Says Michael Doran from Harvard. (Via Michael Totten).

How did such a bunch of intelligent folks around such an intelligent president get it so wrong, so fast? You might think they're too influenced by the fantasies regularly spouted by the media, but aren't presidents supposed to have better sources? Isn't that an essential part of letting them be president?

6 comments:

Unknown said...

Too many assumptions about the intelligence of Obama and his sources

Anonymous said...

Obama's intelligence gets so persistently praised that by now I am wondering WHY?
an article like this one about his "sibling" Jarrett and her perception of him "getting" it and without whose advice he claims to take no major decision confuses me no end
what message is this celebrity-style promoting intended to confer?
and it makes me paranoid when I read that she was born in Iran while her father worked there (doesn't say anything whether she lived there long enough to make friends and acquire those special insights I get to hear from our German Iran-experts)
... and is his most important financial advisor (doesn't say what Larry Summers and Timothy Geithner think of that)
http://www.nytimes.com/2009/07/26/magazine/26jarrett-t.html?hp
rgds,
Silke

Anonymous said...

When these are the people you invite as Jewish representatives, you clearly don't think very highly of the Jews.
http://forward.com/articles/110371/

rashkov said...

Obama must think very highly of himself to craft a mid-east policy based on the power of his own charm and correct worldview. To use an American phrase (see Tom Wolfe's Electric Kool-Aid Acid Test): Obama is drinking his own kool-aid.

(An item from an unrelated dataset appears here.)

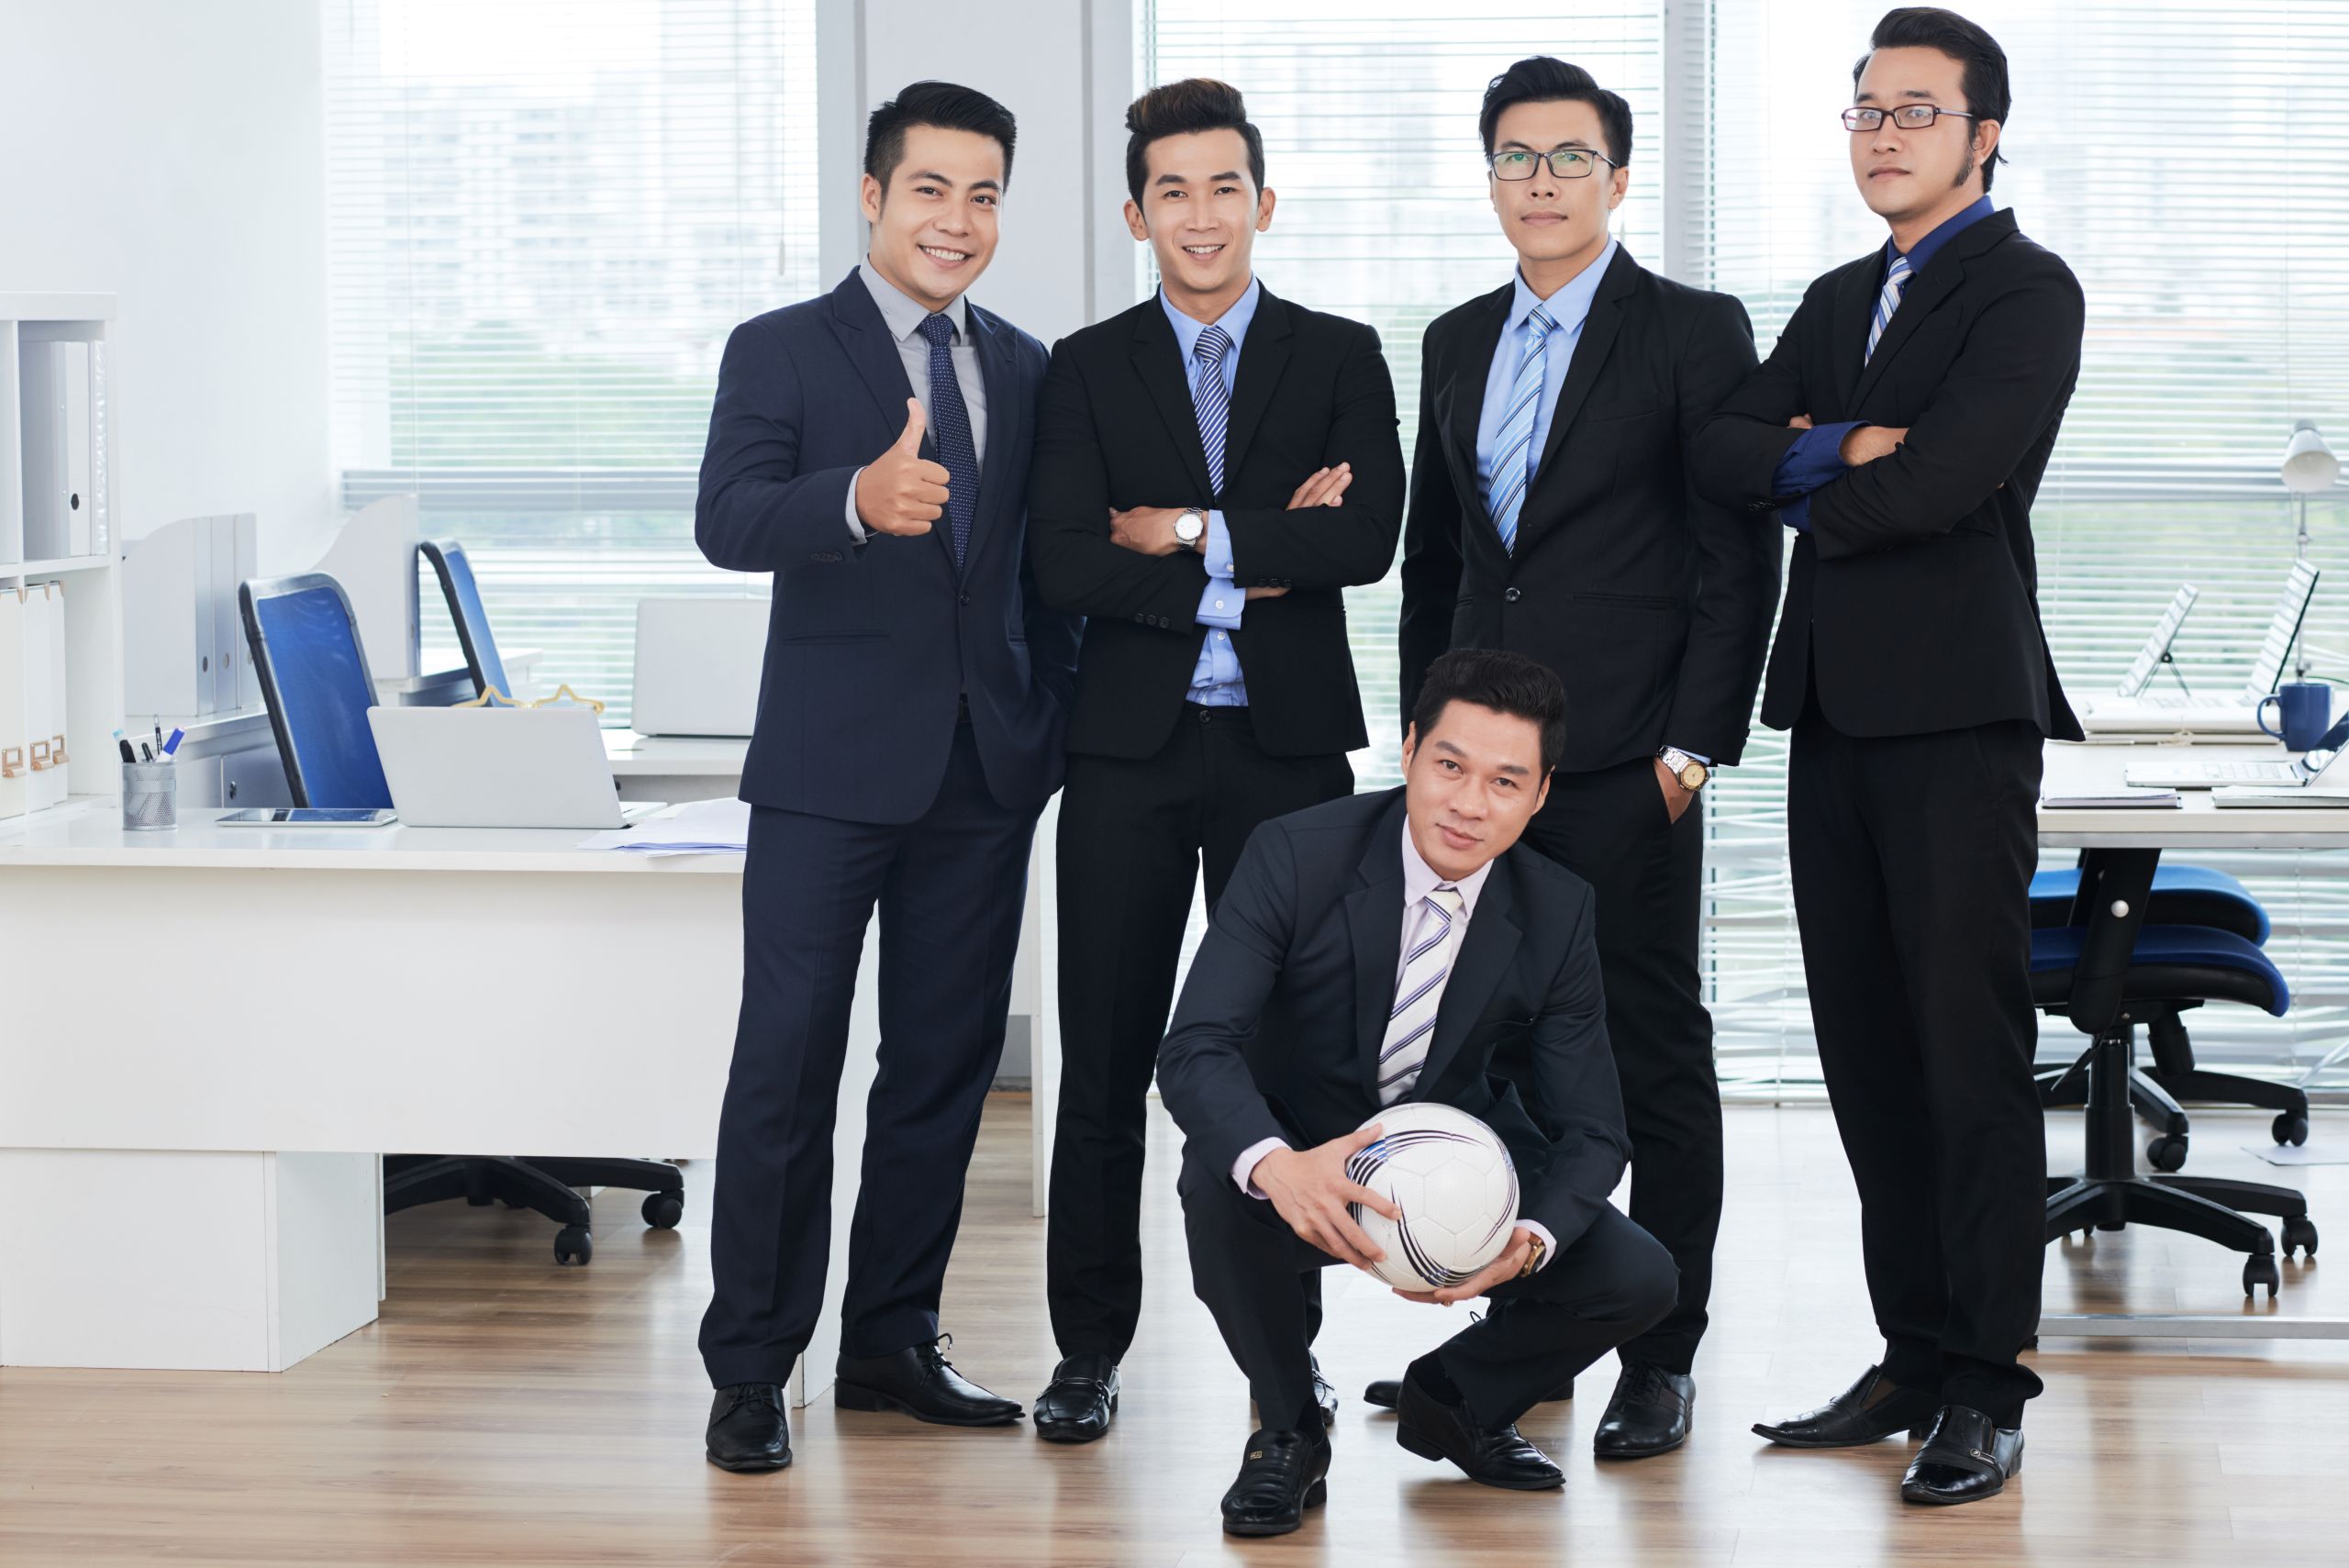 Smiling Asian managers wearing classical suits posing for photography while standing at open plan office, one of them crouching and holding soccer ball in hands

It is notable that they got it wrong so quickly. An early failure could be a good thing, if you trust that Obama isn't necessarily an Israel hater.

Soccer Dad said...

If you think about it, this is the fundamental premise of the President's Middle East policy.
Obama replied that there was no distance between the U.S. and Israeli positions for the last eight years, and that no progress was made under President George W. Bush.

While I think that there are enough differences between President Obama and President Clinton to make the comparison worthless, this view explains the mistakes that Ari Shavit mentioned in his recent article.

Anonymous said...

just for maybe future use - here Obama applies his obviously preferred tactic of evading questions he doesn't like i.e. great troubles vs nitpicking
http://abcnews.go.com/Politics/Story?id=8153681&page=1

by the way I was struck how in the initial press conference he empathized with Mr. Gates understandable anger but should a white cop by virtue of his skin colour deemed to be racist not have a right to be "understandably angry"? I am getting more and more worried by realizing how much the media utterances of academics seem to refer only to themselves as worthy of consideration and all others as worthy of commiseration.

Take that together with his speech at the NAACP where he mentioned only academic professions as worth to be aspired to - no plumbers no carpenters no policemen no soldiers etc etc only presumed glamour jobs.